“The study of networks helps to explain how a whole comes to be greater than the sum of its parts — whether that whole is an organism or a society or a telecommunication system.”
Yale Institute for Network Science (YINS)
- Co-Directors: Daniel A. Spielman, Dr. Nicholas A. Christakis
- Web Site: Human Nature Lab
“Since many vexing social problems affect us as a group, and not just as individuals, network science offers great promise for concretely addressing them. Amazing new capacities at the intersection of the computational, biological, and social sciences are enabling us to develop startling new insights into individual and collective human behavior. YINS seeks to deploy this emerging area of study to its full potential: driving fresh discoveries, applying novel methods of analysis, and developing more effective approaches to interventions.” -Nicholas Christakis
“We believe that researchers will benefit greatly from better understanding the approaches taken in other disciplines. YINS will achieve synergy by gathering faculty who analyze networks with those who use networks to make predictions and those who attempt to design and control network processes. A goal of YINS is to expose researchers to the phenomena, measurements, methodologies, and challenges of those from different disciplines so that, through cross-fertilization, new techniques and methodologies can be developed.” -Daniel A. Spielman
The fields involved include engineering, computer science, the social sciences, biology, math. physics, and medicine.

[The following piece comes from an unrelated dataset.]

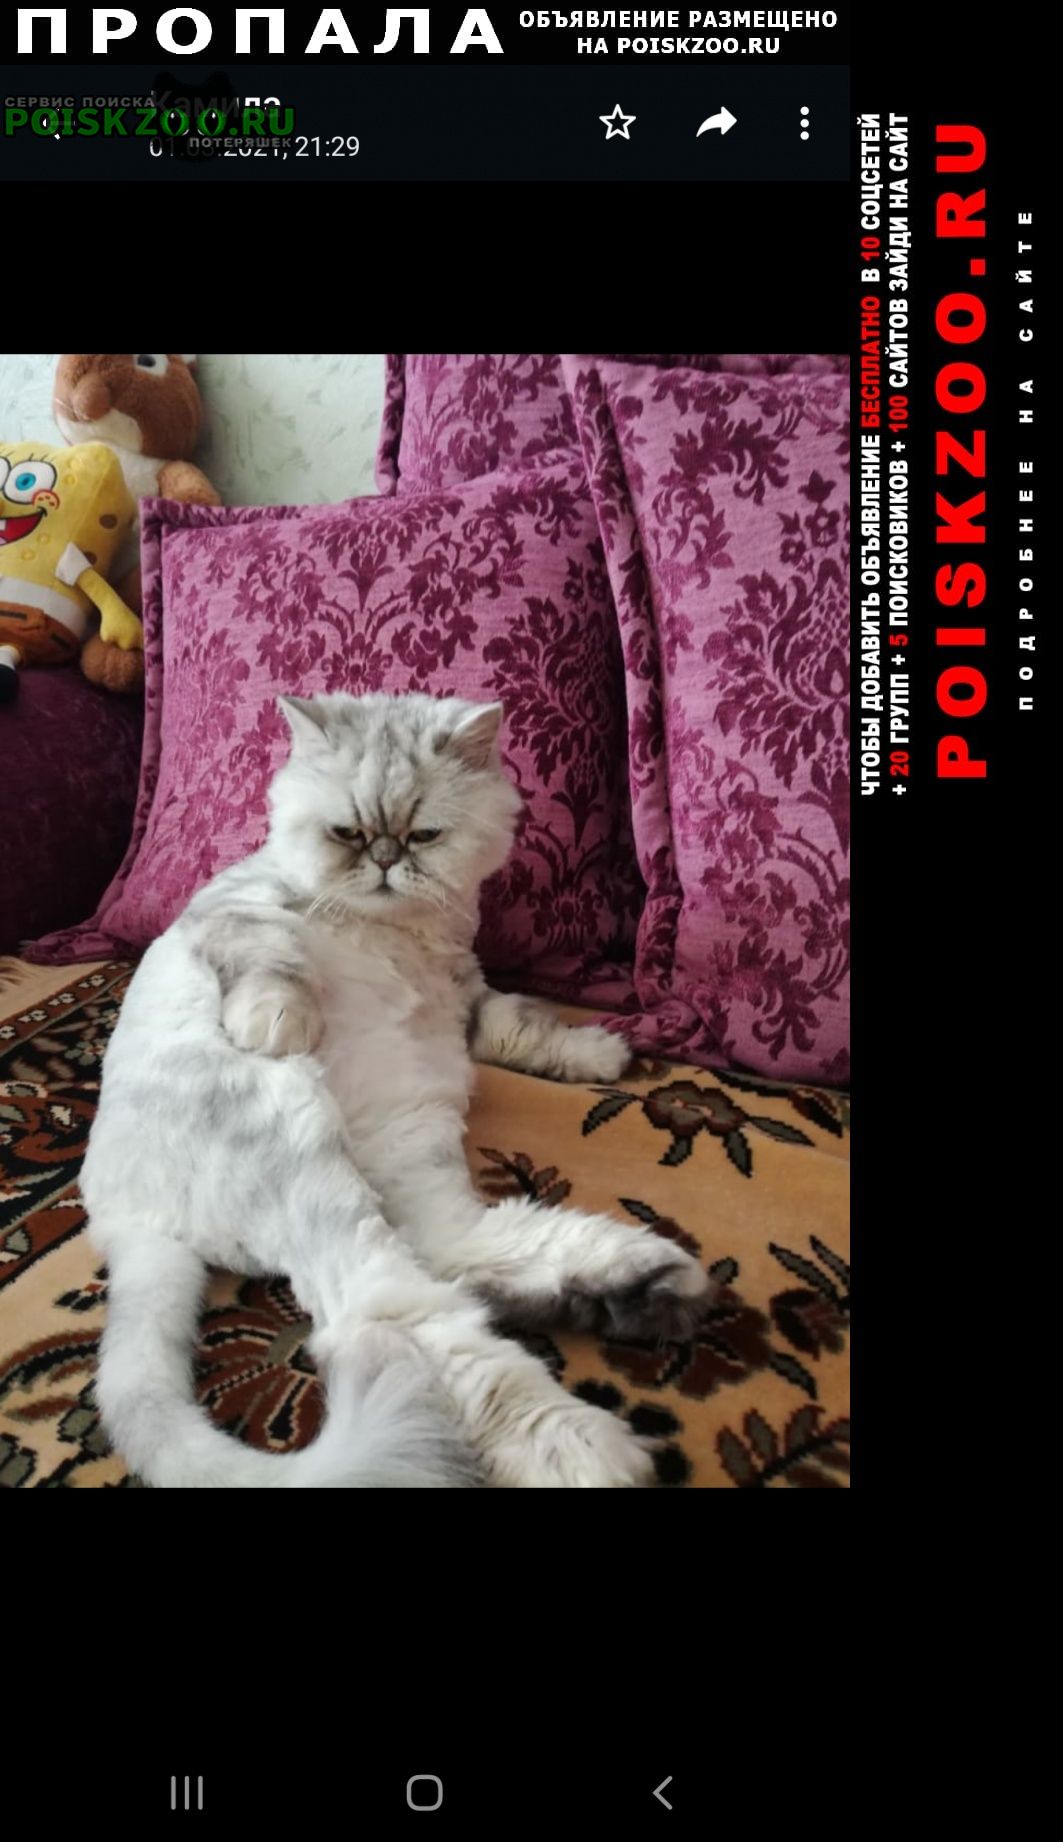 Пропала кошка район зигзага, нашедшему- вознаграждение Уральск Западно-Казахстанская обл.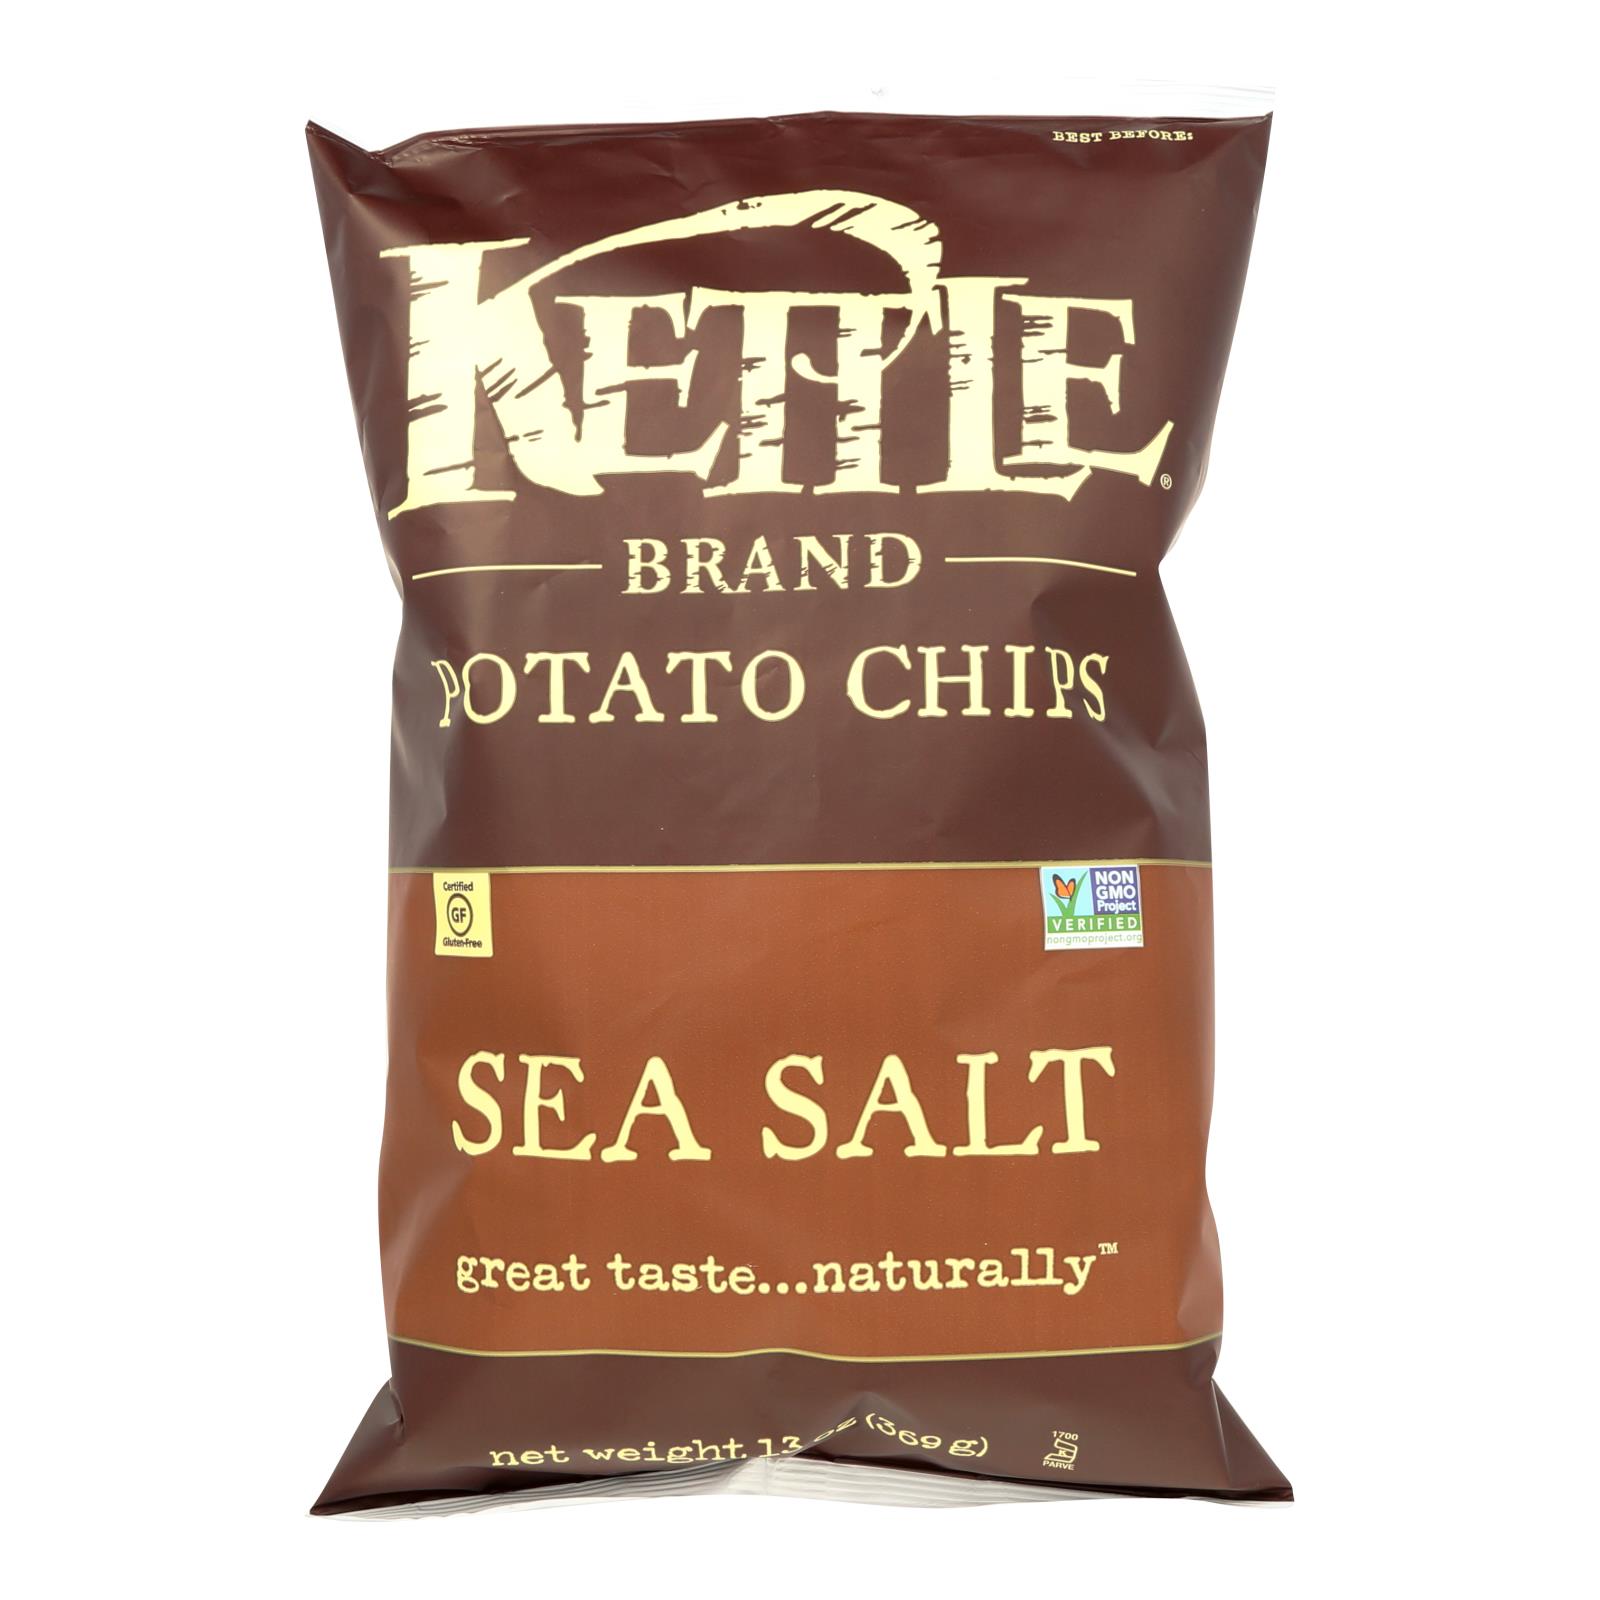 Kettle Potato Chips - 9개 묶음상품 - 13 OZ

Examples of network phenomena from many disciplines that faculty affiliated with YINS may study include:
• the design of power, communication, and sensor networks, as well as dynamically changing robotic networks
• the conduct of large-scale experiments with online and offline networks to facilitate the emergence of desirable properties, such as cooperation, innovation, voting, and health
• the impact of social networks on the diffusion of individual behaviors and forms of collective action
• the properties of communication and exchange within different networks that determine the outcomes of diverse markets
• algorithms for the analysis of networks
• systems biology and gene regulation networks, and their role in pathogenesis and drug discovery
• phase transitions in spin glasses and complex systems
• using online and offline networks to track communicable diseases
• epidemiology and the use of field trials in settings as diverse as American schools and developing world villages to enhance public health
While the fields that study network interactions create different abstractions and measure networks in different ways, they share common technical and scientific challenges, including the development of tools for processing big data; developing new models for complex networks; understanding how networks change; developing techniques for learning and inference in networks; developing methodologies for the design of networks; and understanding how local interactions can lead to emergent global behavior. The practical implications are wide-ranging.
Work in the lab focuses on exploring fundamental properties of human social networks. Some work involves the use of large-scale, online experiments, or field trials in the developing world. Other work examines the biological determinants and consequences of social network interactions, with a particular emphasis on the genetic and evolutionary origins and implications of human network interactions.